A short session prompt references which vault files to load
The agent reads them as plain markdown — no special format, no embeddings, no vector database needed for most use cases
The content becomes part of the model's working context for that entire session

This is simpler than it sounds. Markdown is an ideal format for LLM injection because it's structured enough to signal hierarchy and importance, but plain enough that models have been trained extensively on it. A well-written entity file reads almost like a briefing document — and that's exactly how the model treats it.
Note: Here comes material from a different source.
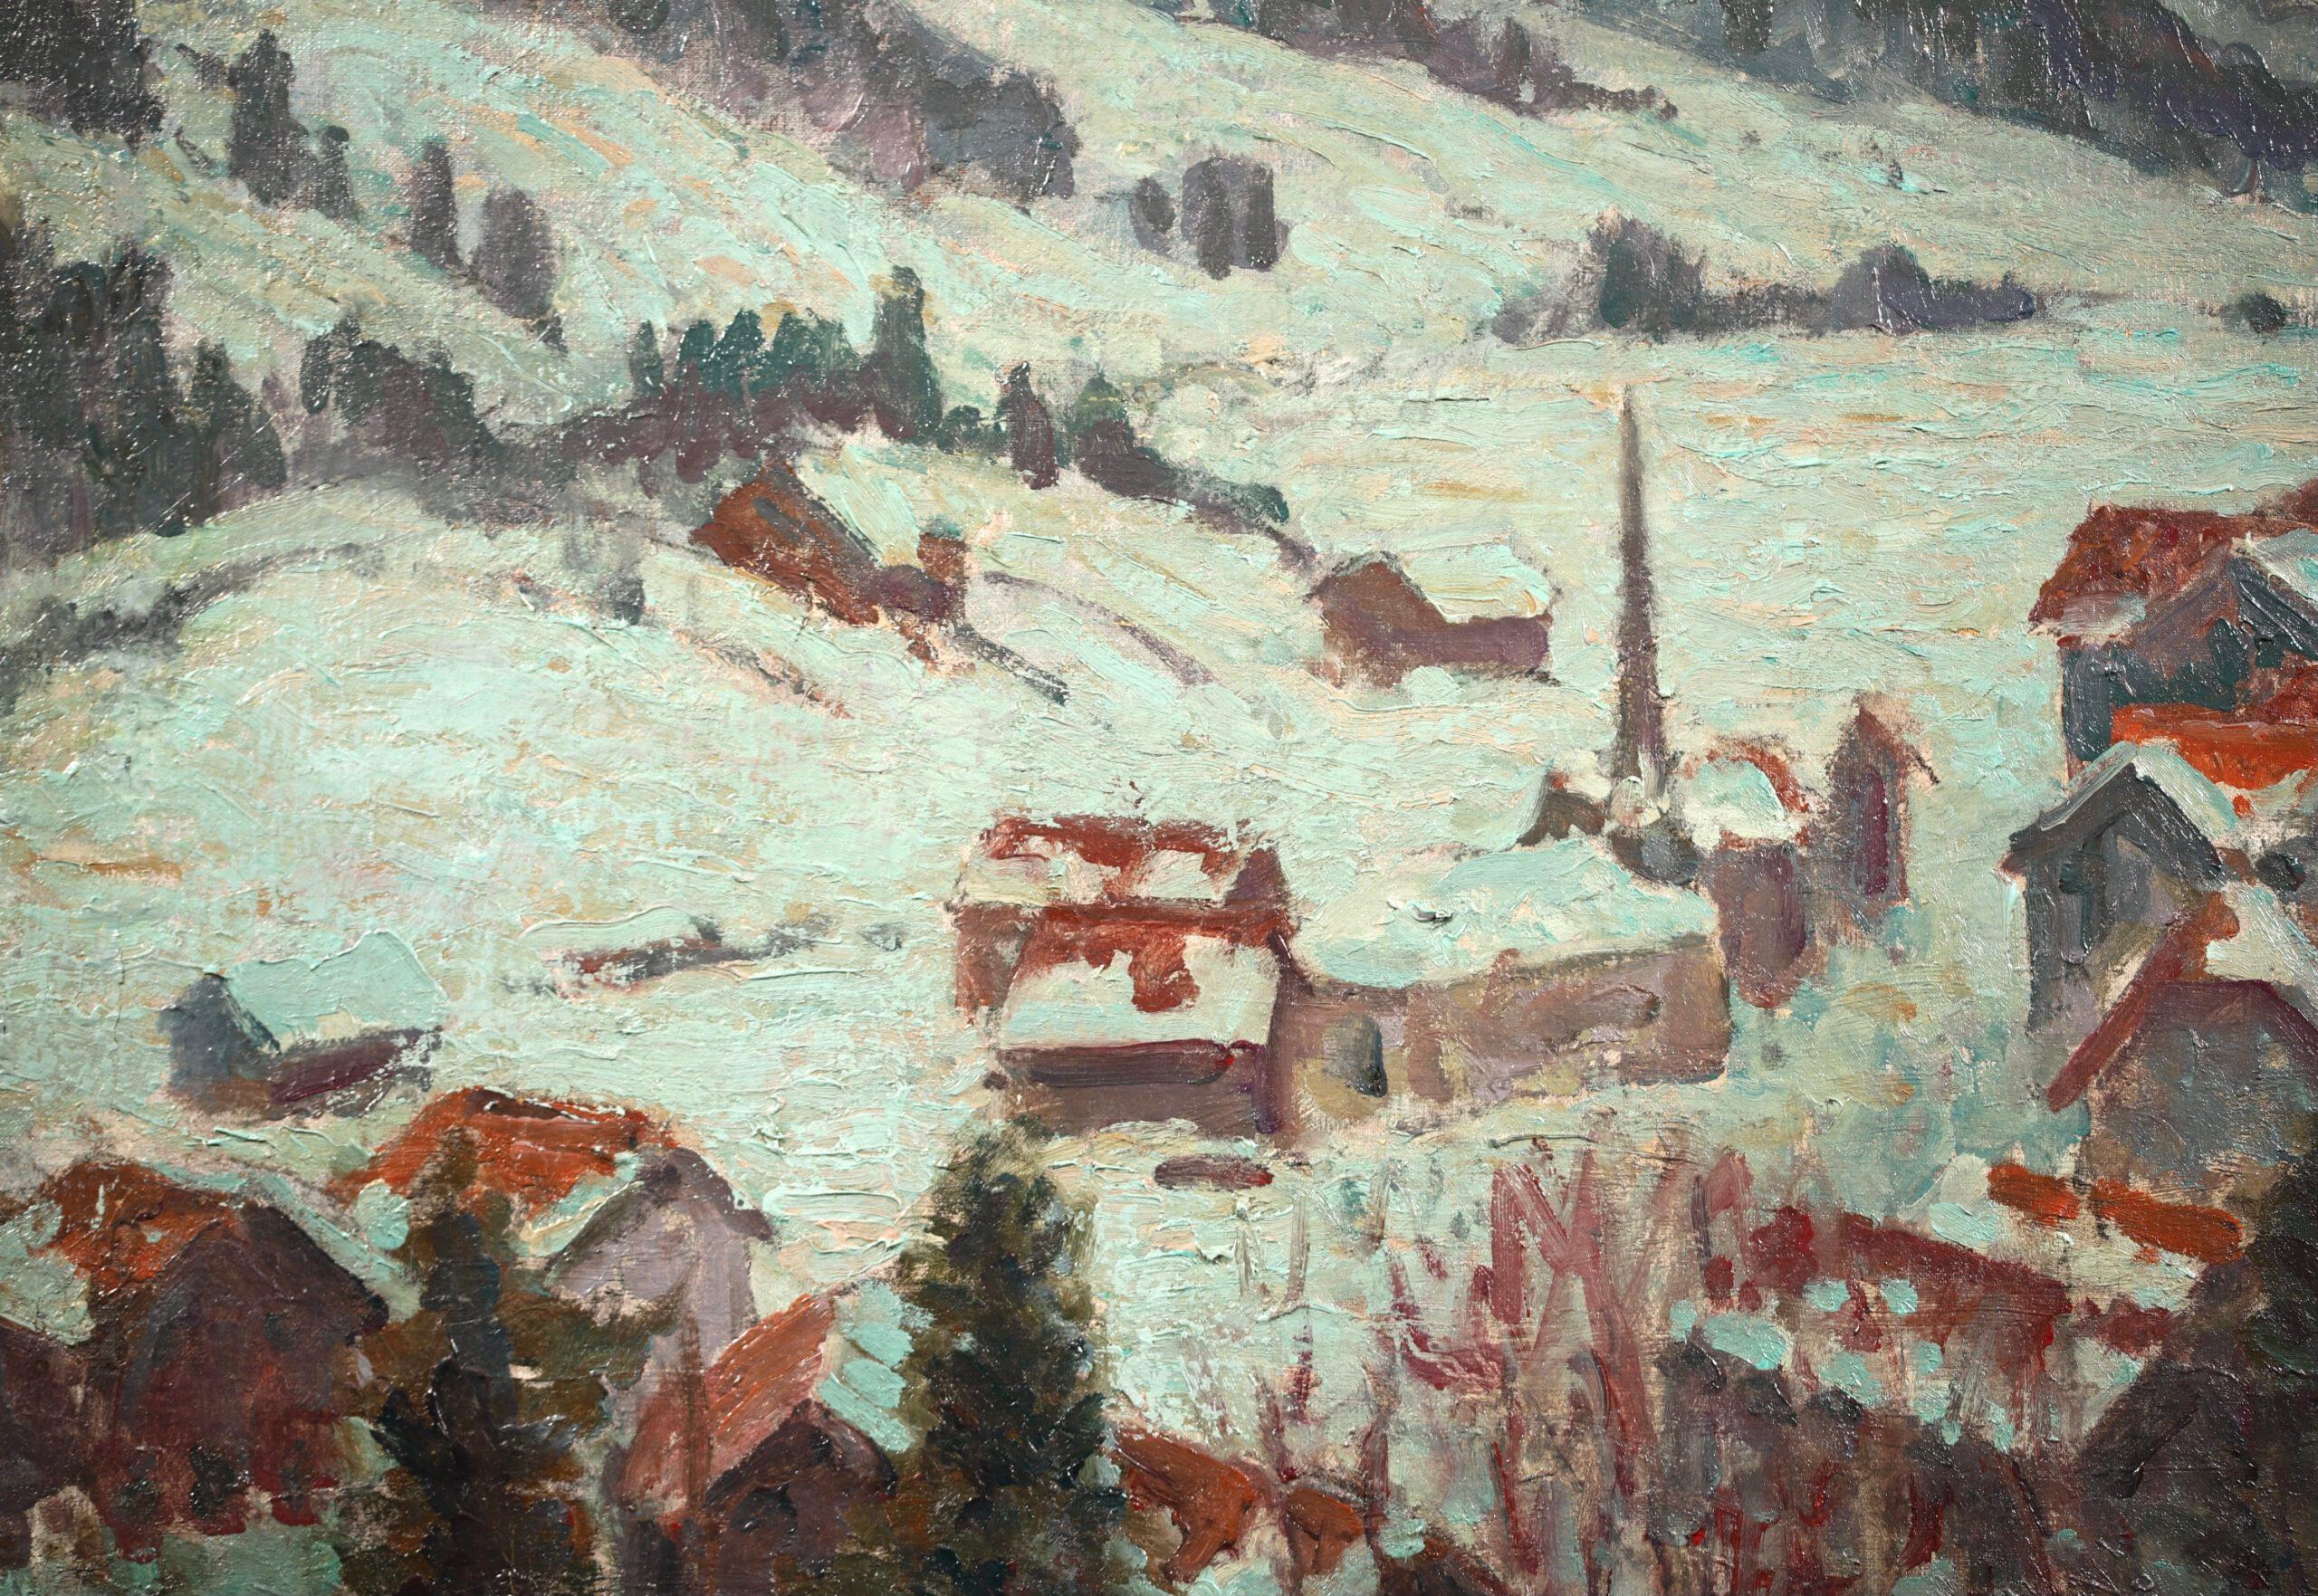 Winter Snow - Gstaad - Impressionist Landscape Oil by William Samuel Horton For Sale 5

For example, a stevia-framework.md entity file doesn't just say "Java test automation framework." It documents the GitHub coordinates, the co-authorship context, the architectural patterns (TestNG + Selenium 4 + Spring 5), the Maven publication history, the commercial context it was built in, and how it relates to other entities in the vault. When that file is in context, the model can reason about the framework as a professional artifact rather than a name.

The Master Profile File

The centrepiece of the vault is george-kogketsof.md. This is a single Markdown document that aggregates:

Career narrative (military C2 systems → BSS/telecom → iGaming → cloud commerce)
Key technical signatures (IAF, Stevia, Anax, QAegis methodology)
Current positioning (pursuing Head of QA Engineering roles in iGaming, fintech, SaaS, telecom)
Active projects and sprint context
Interview anchors and competitive differentiators

This file is loaded directly into AI sessions as system context. It transforms a cold conversation into one where the agent immediately understands the person it's working with.
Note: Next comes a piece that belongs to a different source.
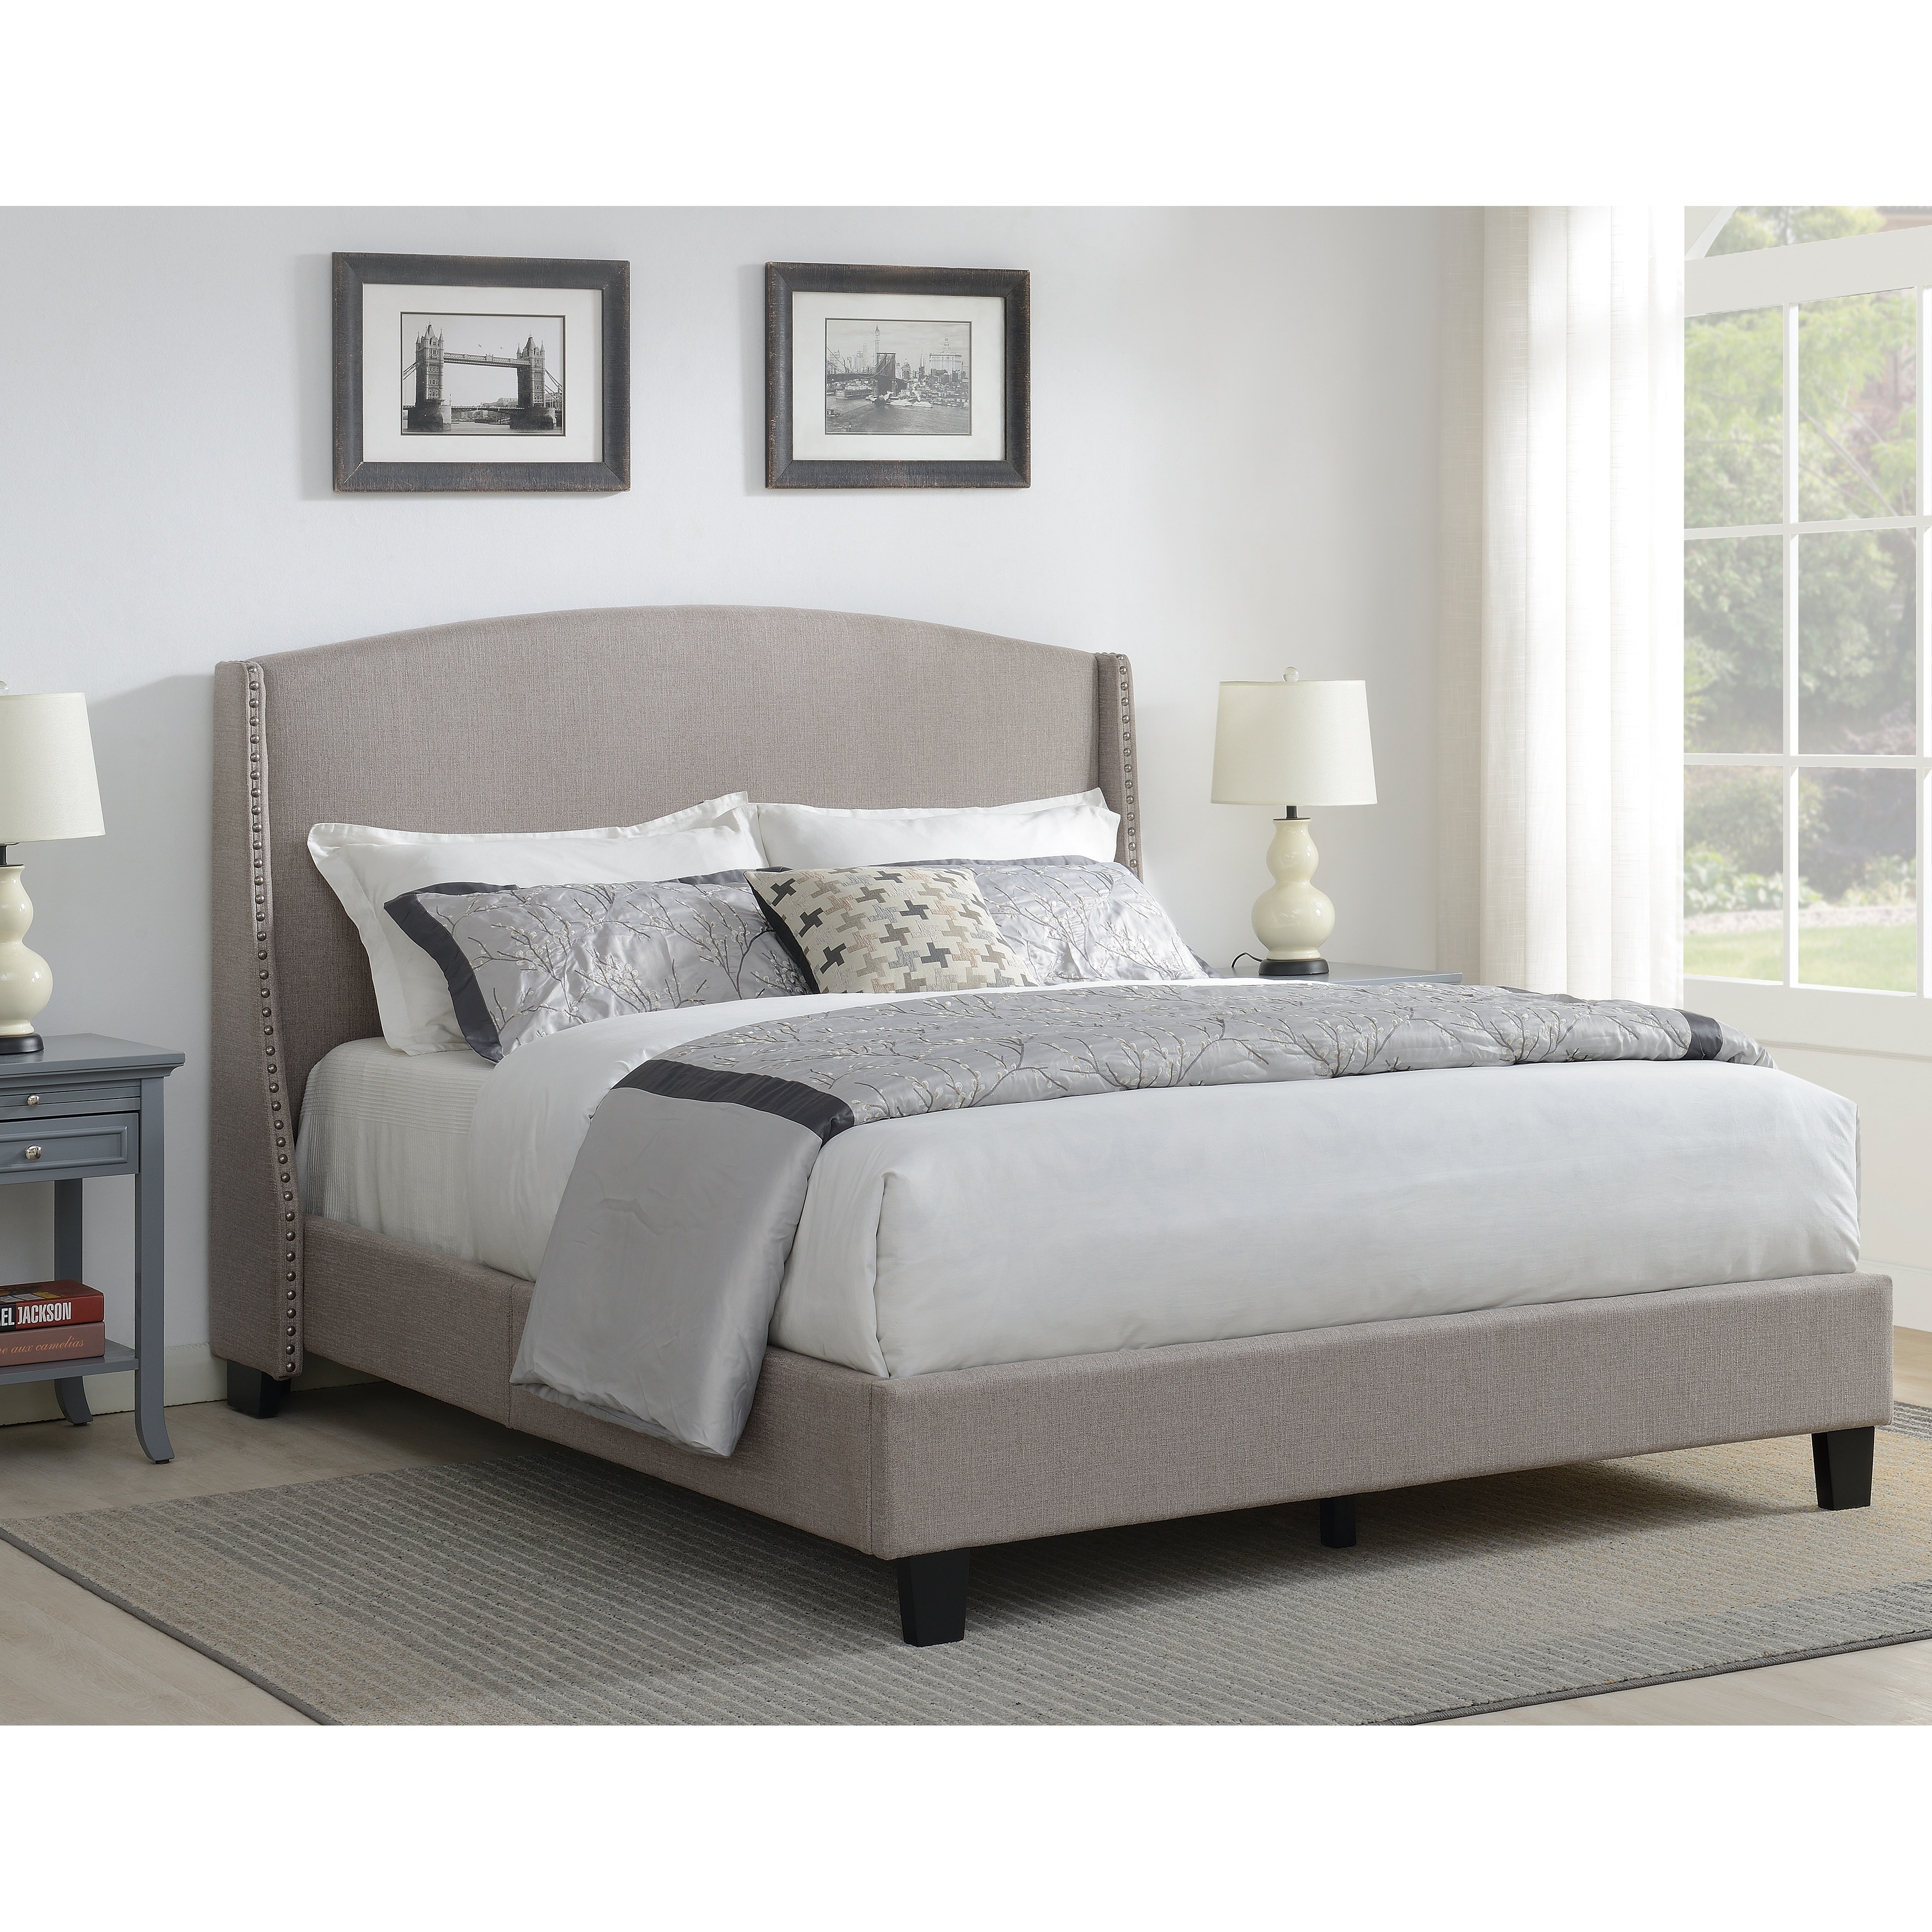 ACH Bedroom Shelter Style Upholstered Wingback Queen Bed in Storm

Wiki Entities as Depth Layers

Where the master profile is a summary, the entity files are the depth. I maintain dedicated entries for:

Professional tenures — each employer as its own entity, including team scope, tech stack, measurable outcomes, and key decisions made
Frameworks and tools — architecture, usage patterns, version history, and relationship to other tools
Active projects — current sprint state, tech stack, design decisions, open questions
Methodologies — the QAegis framework, ISTQB standards, testing philosophies

When new material emerges — say, an automated JD analysis surfaces a gap in documented skills — I create or update the relevant entity. For example, my Persado tenure and Java OSS co-authorship (13 years, two open-source frameworks: Stevia with 72 GitHub stars, Anax with 284 commits) were recently formalised into dedicated wiki entries after they were flagged as undocumented strengths by the Invariant JD analyser. The vault gets richer with every pass.

Step 2: Invariant — The Agentic OS Dashboard

Once the vault became a reliable knowledge substrate, the next question was: how do I orchestrate agents against it systematically, across different task types, with real accountability for cost and context?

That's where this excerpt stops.